Майор Гром был низеньким, лысым и полным мужчиной лет сорока — сорока пяти, с лицом довольного жизнью обывателя. За стеклами очков блестели маленькие глазки. В бриджах и кургузом пиджачке, он семенил рядом с Гуркевичем с небольшим узелком на спине. Они обгоняли группы людей, навьюченных огромными тюками, толкающих коляски, несущих на руках детей. Августовское солнце жарило вовсю. Шедшая рядом взмокшая от пота женщина в ондатровой шубе, в черной фетровой шляпе волокла внушительный мешок; ее муж, в черном пальто с воротником из опоссума, сгибался под тяжестью двух чемоданов. Он со злостью взглянул на Гуркевича — легко шагавшего в своей холщовой курточке и помахивавшего пустыми руками.
— Господи! — простонал мужчина. — Моя жена…
— Быстрей, майор, — проговорил Гуркевич. — Нам еще топать и топать.
— Тише вы… — прошептал, ускоряя шаг, майор. — Никаких званий. Мы познакомились случайно, по дороге. Если нас разделят, встречаемся в Залесье.
— Пилсудского, шесть, — добавил Гуркевич.
— Бедный маршал! — выдохнул майор. — А может, и хорошо, что он умер? Если что-нибудь случится… бумаги в моей левой подошве.
— У меня в рукавах вы найдете товар получше — две золотые пятирублевки. Если я… того, отдайте их жене. Впрочем, нет!
— Нет? — удивился майор.
— Нет, — ответил со злостью Гуркевич. — Отдайте сиротам.
Оба задрали головы. На Варшаву, поднимаясь дугой от Окентья, шли пикирующие бомбардировщики. Люди вокруг загомонили.
— На Средместье летят, — вздохнул Гуркевич. — Если выйдет с венграми, у нас появятся зенитки и мы спокойно дождемся большевиков. Где они, черт возьми?
— В Отвоцке[15], — сухо ответил майор.
— Да, напортачили вы с этим восстанием! — не удержался Гуркевич. — Нельзя было, что ли, получше согласовать?
— С кем? — удивился майор.
— С красными, ясное дело, не с Царицей же Короны Польской! — возмутился Гуркевич. — Скоро уже две недели, а они всё никак не дойдут до Варшавы!
— Немцы их малость отбросили, — объяснил обстановку майор. — А договариваться было незачем. Они нас все равно не признаю́т.
— Что значит, не признают? Вы ведь деретесь с немцами. Восстание помогает…

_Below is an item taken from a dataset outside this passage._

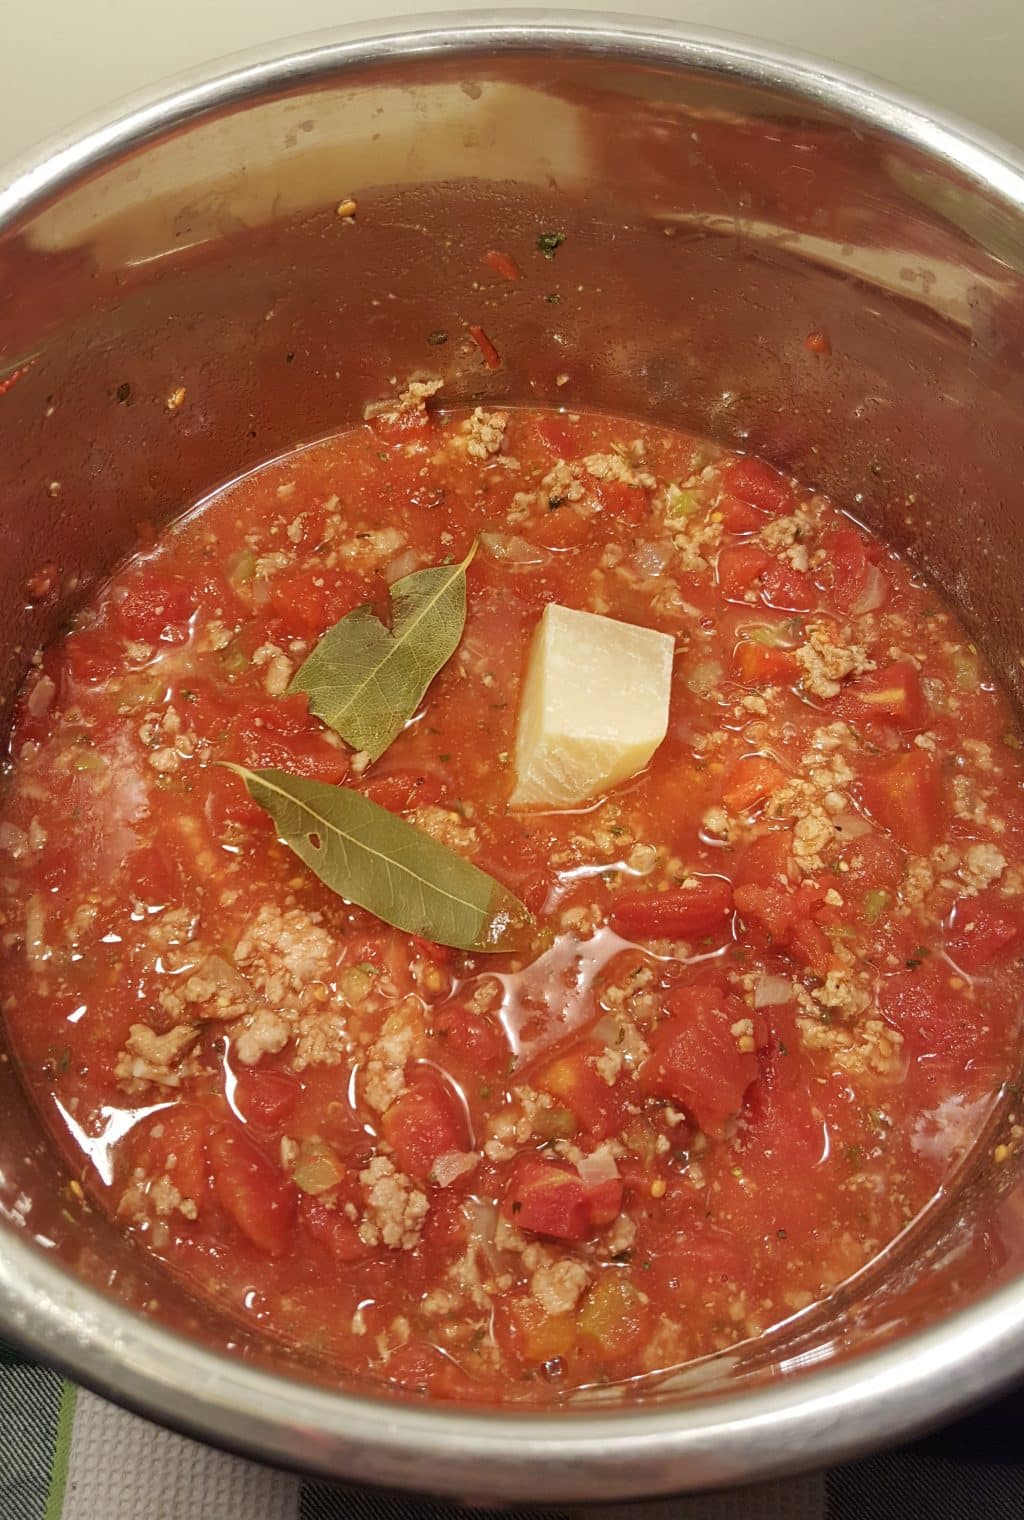 Add in the Bay Leaves and Parmesan Rind

— Им оно не помогает, — негромко ответил майор. — Мешает. Не прикидывайтесь дурачком.
— Дурачком? — воскликнул Гуркевич. — Разве варшавяне не дают немчуре по мордасам?
— Мы подняли восстание, чтобы быть первыми, — устало сказал майор. — Чтобы водрузить знамена. Вы в курсе, что такое большевизм?

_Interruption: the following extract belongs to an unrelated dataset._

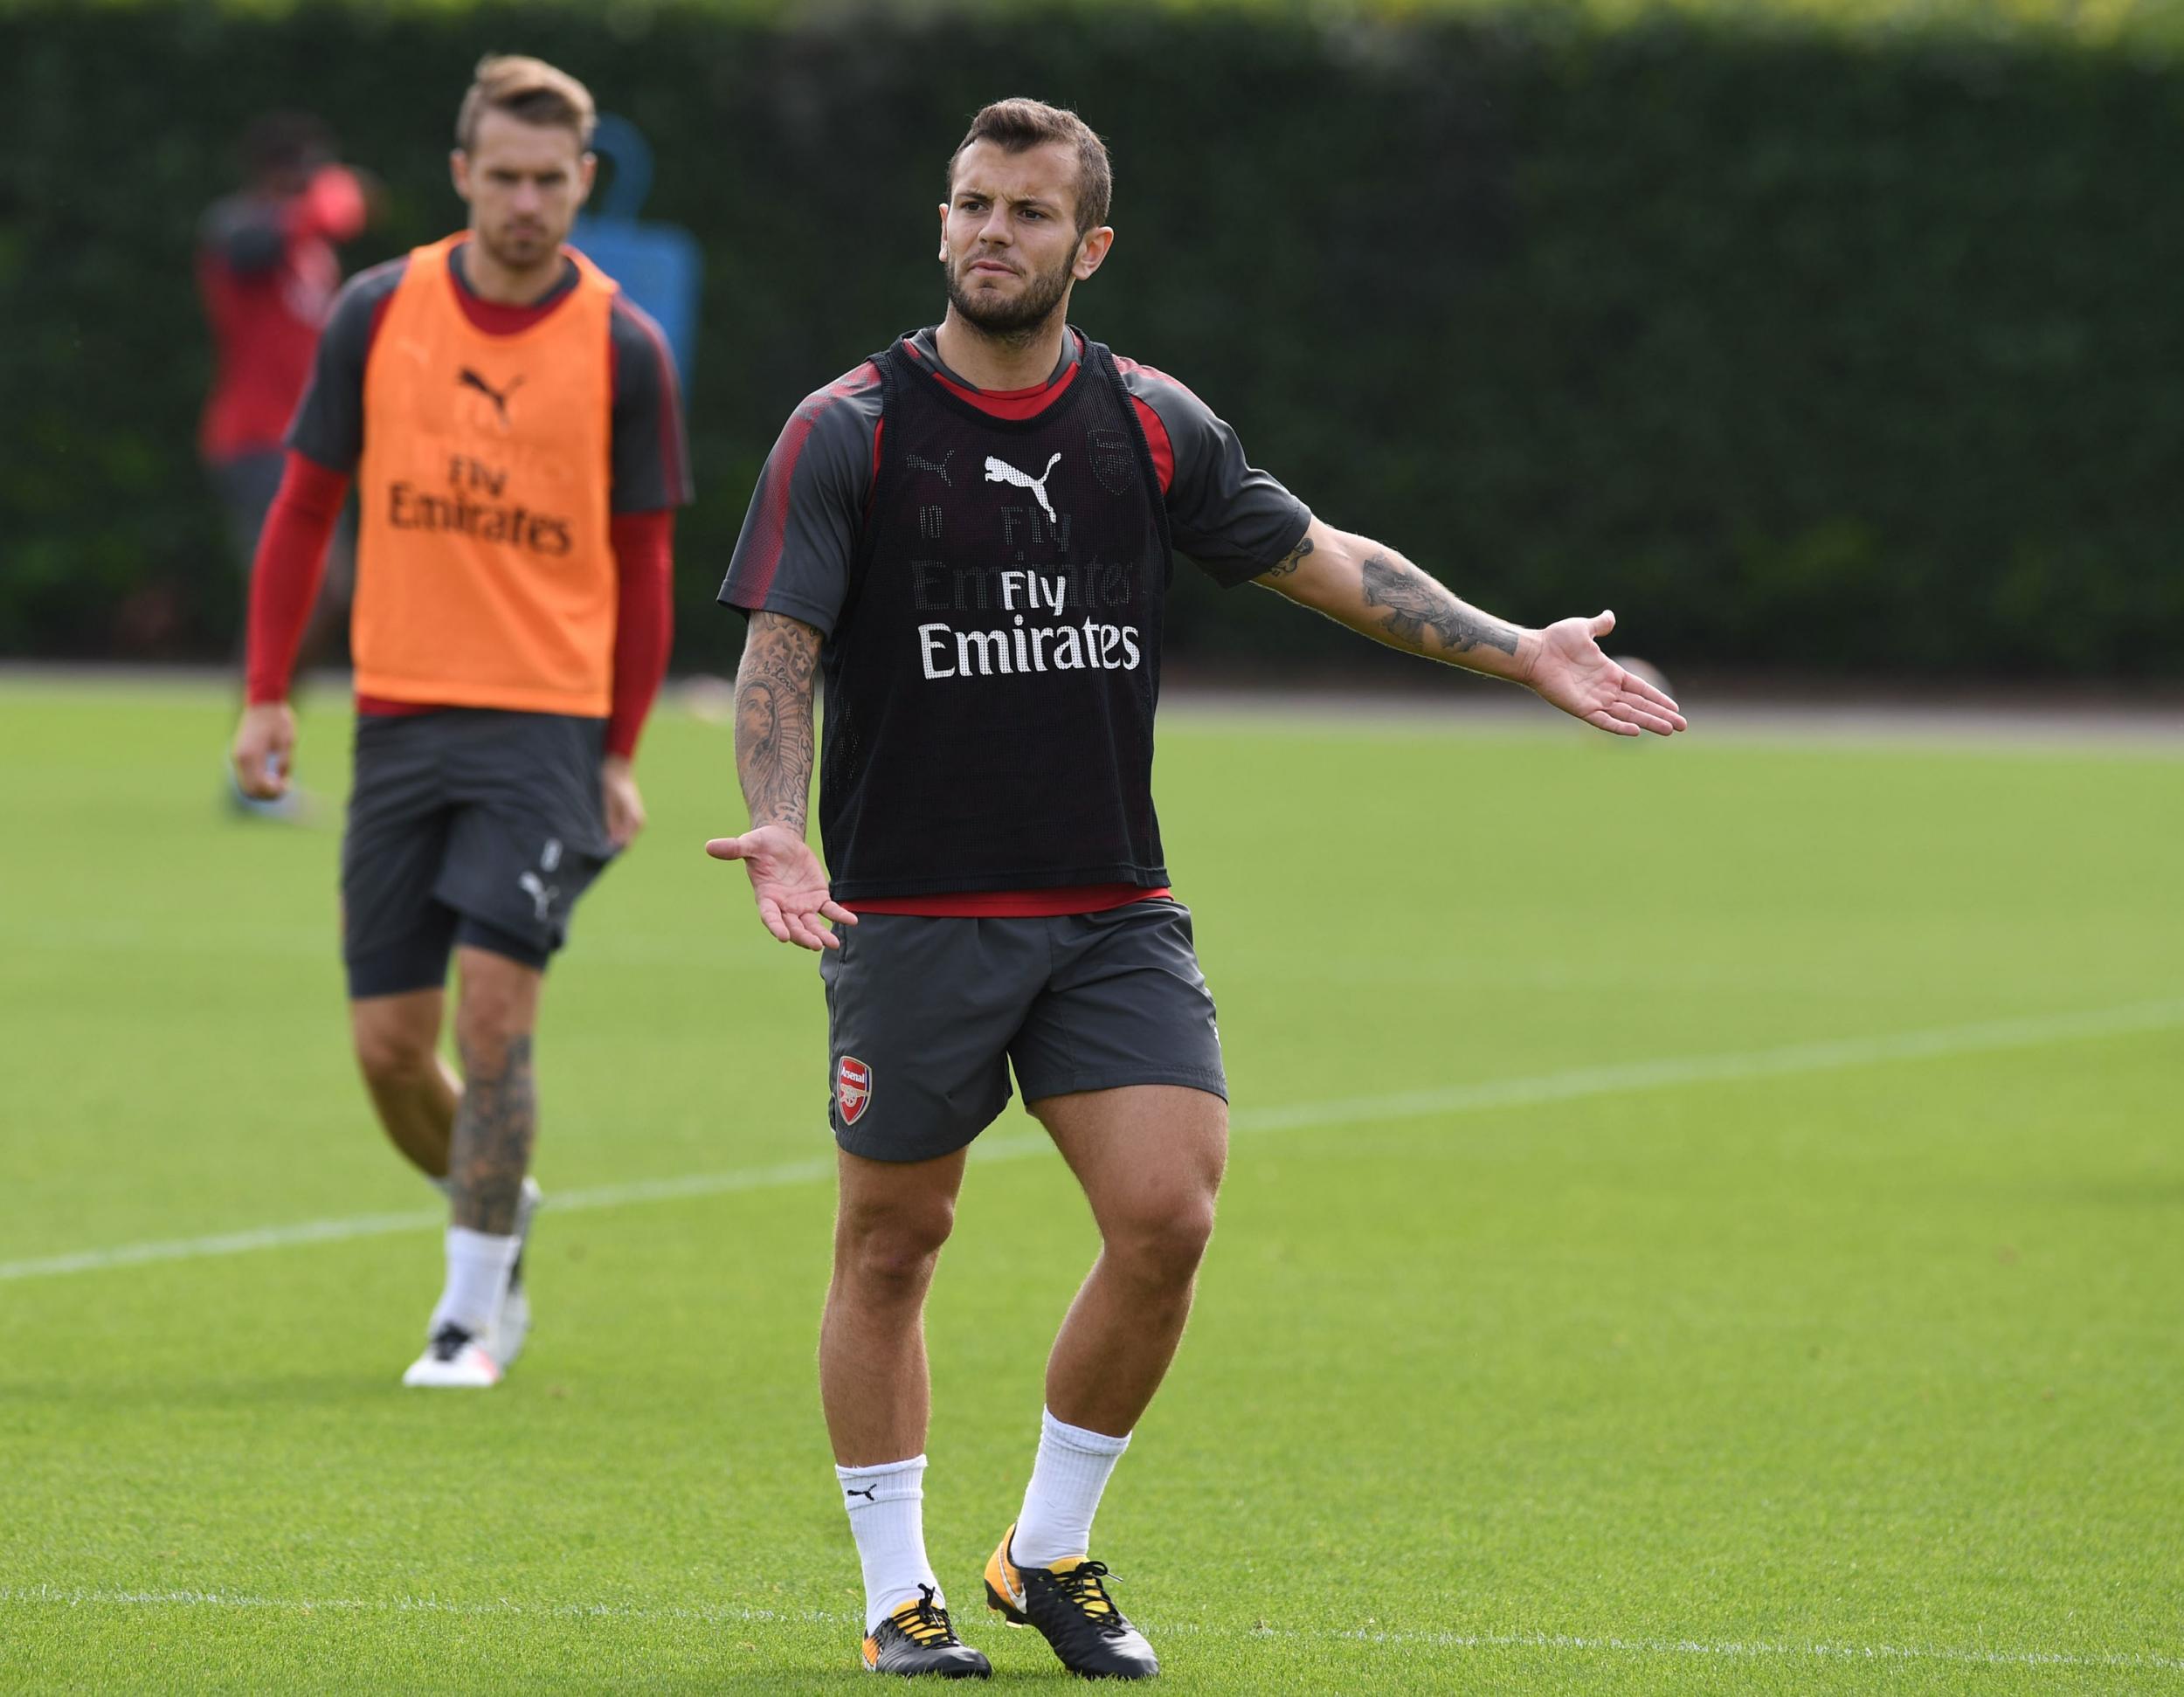 Jack Wilshere re-joined Arsenal this summer after his loan spell at Bournemouth

— О Боже! — взвыл Гуркевич. — А Варшава? Кто вышвырнет отсюда немцев? Вы?
— Они, — отрезал майор.
— И что тогда? — рявкнул Гуркевич.
— Ничего, — вздохнул майор и отер пот со лба. — Правительство в Лондоне решило биться до конца…
— А им до этого какое дело? — спросил Гуркевич, указывая пальцем на навьюченную пару.
Майор опять вытер лоб.
— Именно в этом заключается польская трагедия, — сказал он немного погодя. — Вы не учили историю?
Гуркевич насупился.
— Я живу на Кручьей. Угол Журавьей. Там, где «Нарцисс»[16]. Он еще стоит?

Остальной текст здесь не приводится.